Король немного устало посмотрел на меня. Его равнодушие меня взбесило окончательно. Унизительная сцена в Храме вспомнилась особенно отчетливо. Я все еще испытывала ярость и обиду на себя за то, что стерпела перед епископом Гамасом, а не врезала ему в нос, и теперь вся эта энергия выплеснулась на короля и ритуал омовения.

– Это унизительно. Я не стану этого делать!

Последние слова я сказала слишком громко. Их услышали все.

Слуги, которые несли золотой таз с водой и лепестками роз, застыли на полпути.

– Ритуал омовения ног супругу очень важен, ваше величество, – попытался меня уговорить епископ Гамас. Он стоял рядом, среди придворных. – Он говорит о вашей готовности подчиняться мужу и признании его превосходства над вами.

От его слов меня снова передернуло.

– Я не стану этого делать! – упрямо процедила я, посмотрев на него в упор.

Мне становилось все жарче, я будто выходила из состояния оцепенения, в котором пребывала с утра, и это пробуждение было яростным.

Храмовник сделал кислую мину.

– Непослушные жены должны быть наказаны. Так говорит псалом пятый о супружеской жизни из устава Храма. Я советую вам передумать.

– Это только ритуал и традиция Франкии. Она не имеет к религии никакого отношения, – вдруг заговорил Витторино.

Он находился рядом, но на большем расстоянии.

– Но послушание имеет, – уперся епископ Гамас. – Ритуал должен состояться! Или королеву нужно будет наказать.

Тут он облизнул свои чувственные губы, и я испугалась, что и наказывать меня собирался тоже он.

– Ну, что же, раз так, тогда ритуалу быть, – ответил король и повернулся ко мне.

Я не успела возразить, как он подхватил меня за талию, легко приподнял и посадил на кровать. По его знаку слуги поставили таз у моих ног, и король, опустившись на колени, стал расшнуровывать мои золотые туфельки.

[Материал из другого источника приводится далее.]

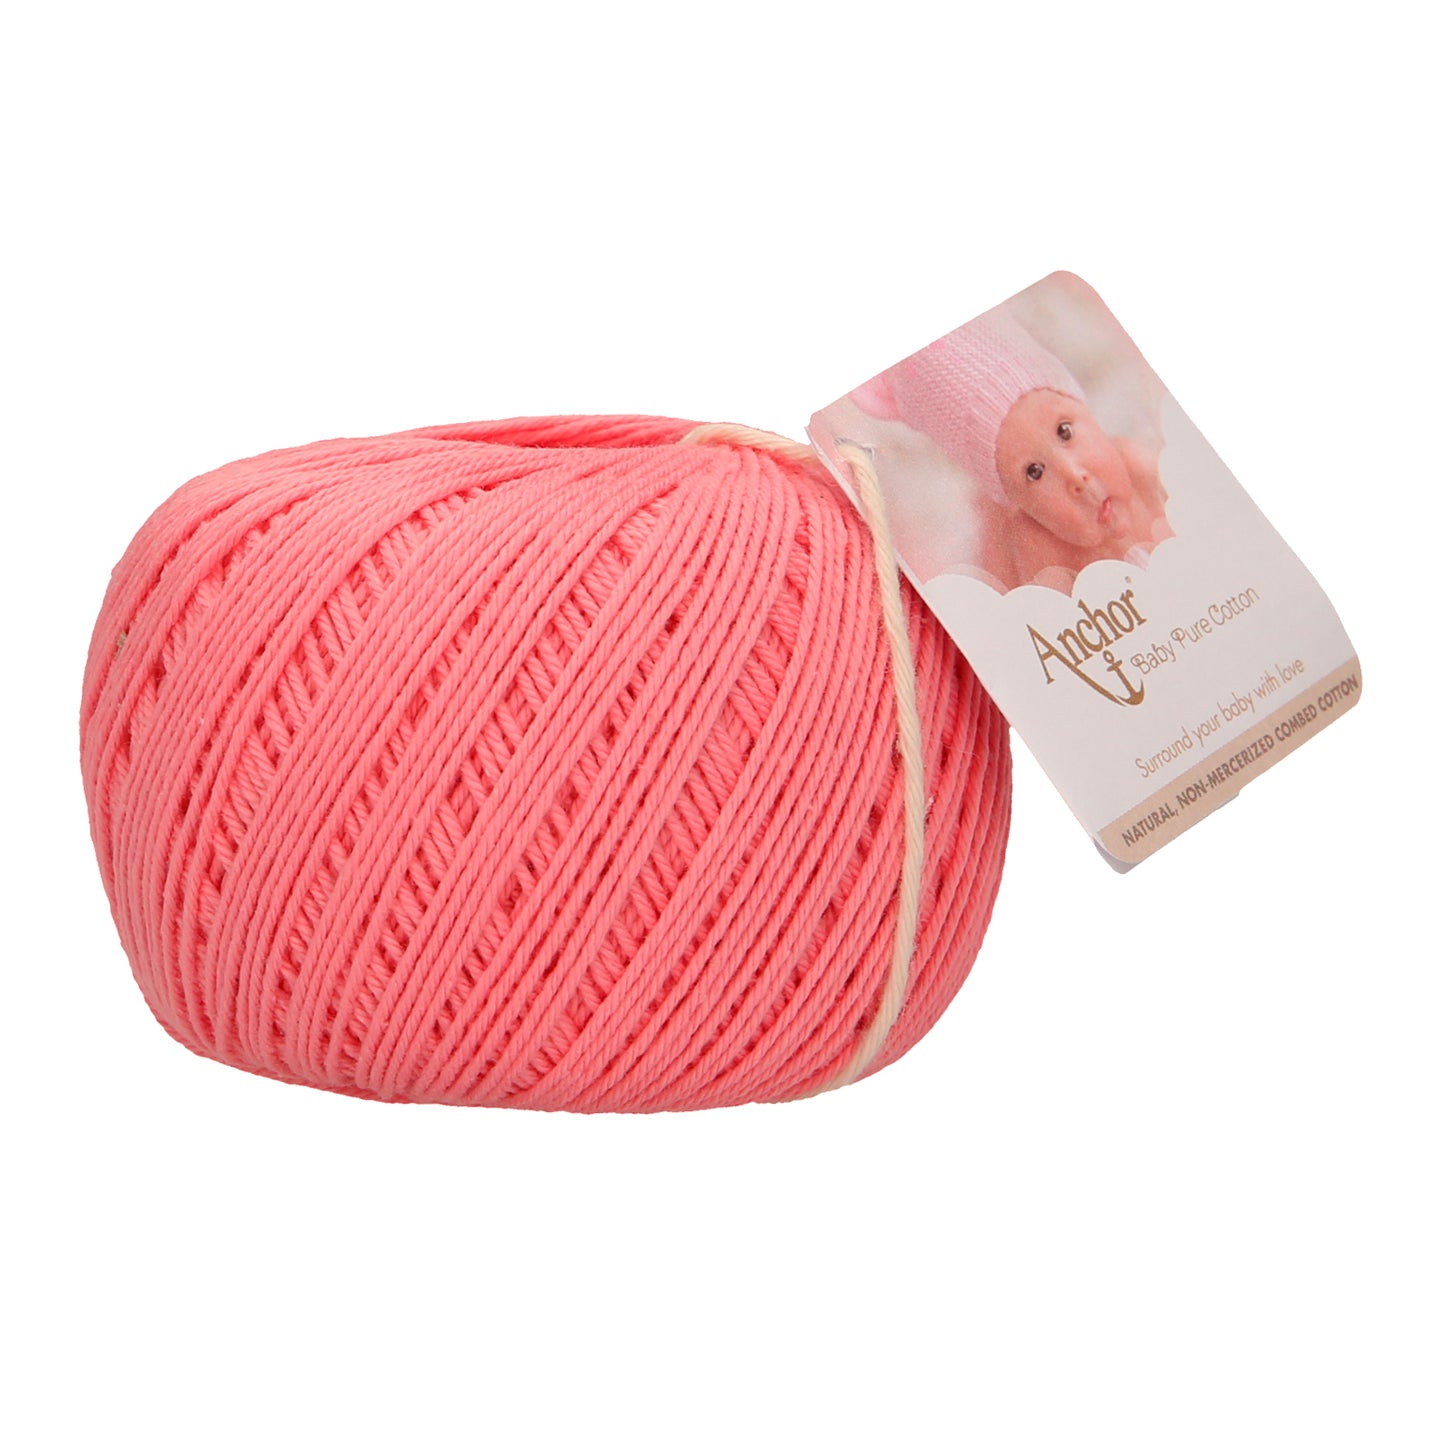 Anchor Baby Pure Cotton 4ply Yarn salmon 0409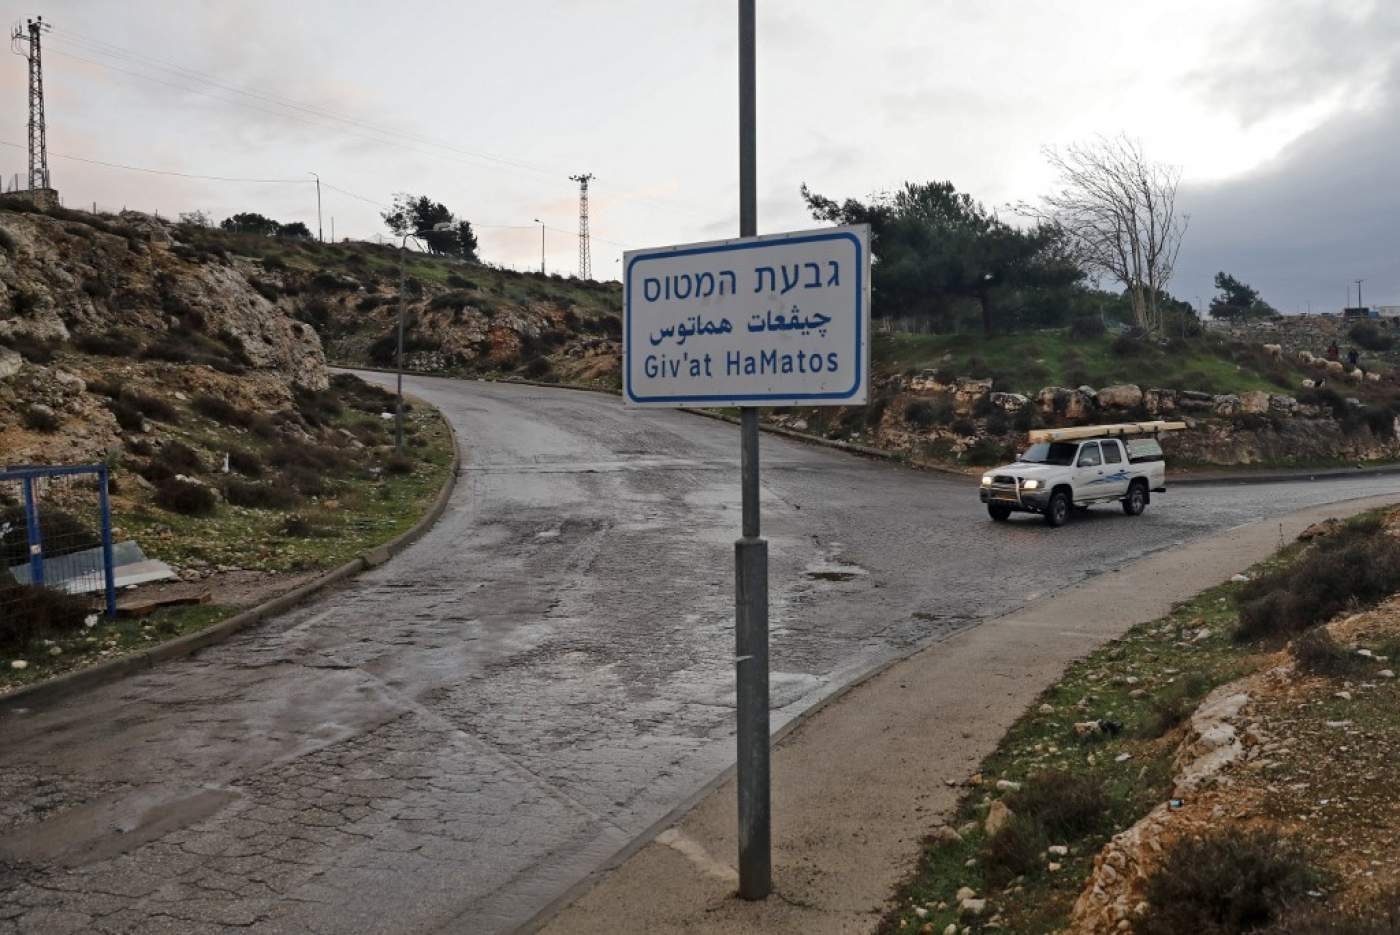 A car advances on a road, by a street placard signaling entry into Givat Hamatos, an Israeli settlement suburb of annexed east Jerusalem, 15 November 2020 (AFP)

– Что вы делаете? – епископ Гамас побелел от злости.

– Ритуал омовения ног должен состояться. Раз так, и леди Эллен не хочет, я готов провести его вместо нее.

Я попыталась выдернуть ногу, но Генрих силой удержал ее. Пришлось подчиниться. Ладонь Генриха скользнула мне под юбку, король ловко схватил чулок и спустил его вниз, обнажая мою стопу. Я от неожиданности дернулась слишком поздно. То, что рука короля побывала под моей юбкой, вдруг так сильно оскорбило меня, унизило, что на глаза навернулись слезы. Я будто кукла для него и епископа Гамаса, которую можно лапать где угодно. Изо всех сил я вцепилась в расшитое золотом покрывало на кровати, пытаясь сохранять спокойствие и не расплакаться.

– Вы нарушаете все приличия! Все обряды! – брызгал храмовник слюной.

Его лицо было перекошено. Но он глаз не мог оторвать от моих ног. Мне захотелось спрятать их под юбку.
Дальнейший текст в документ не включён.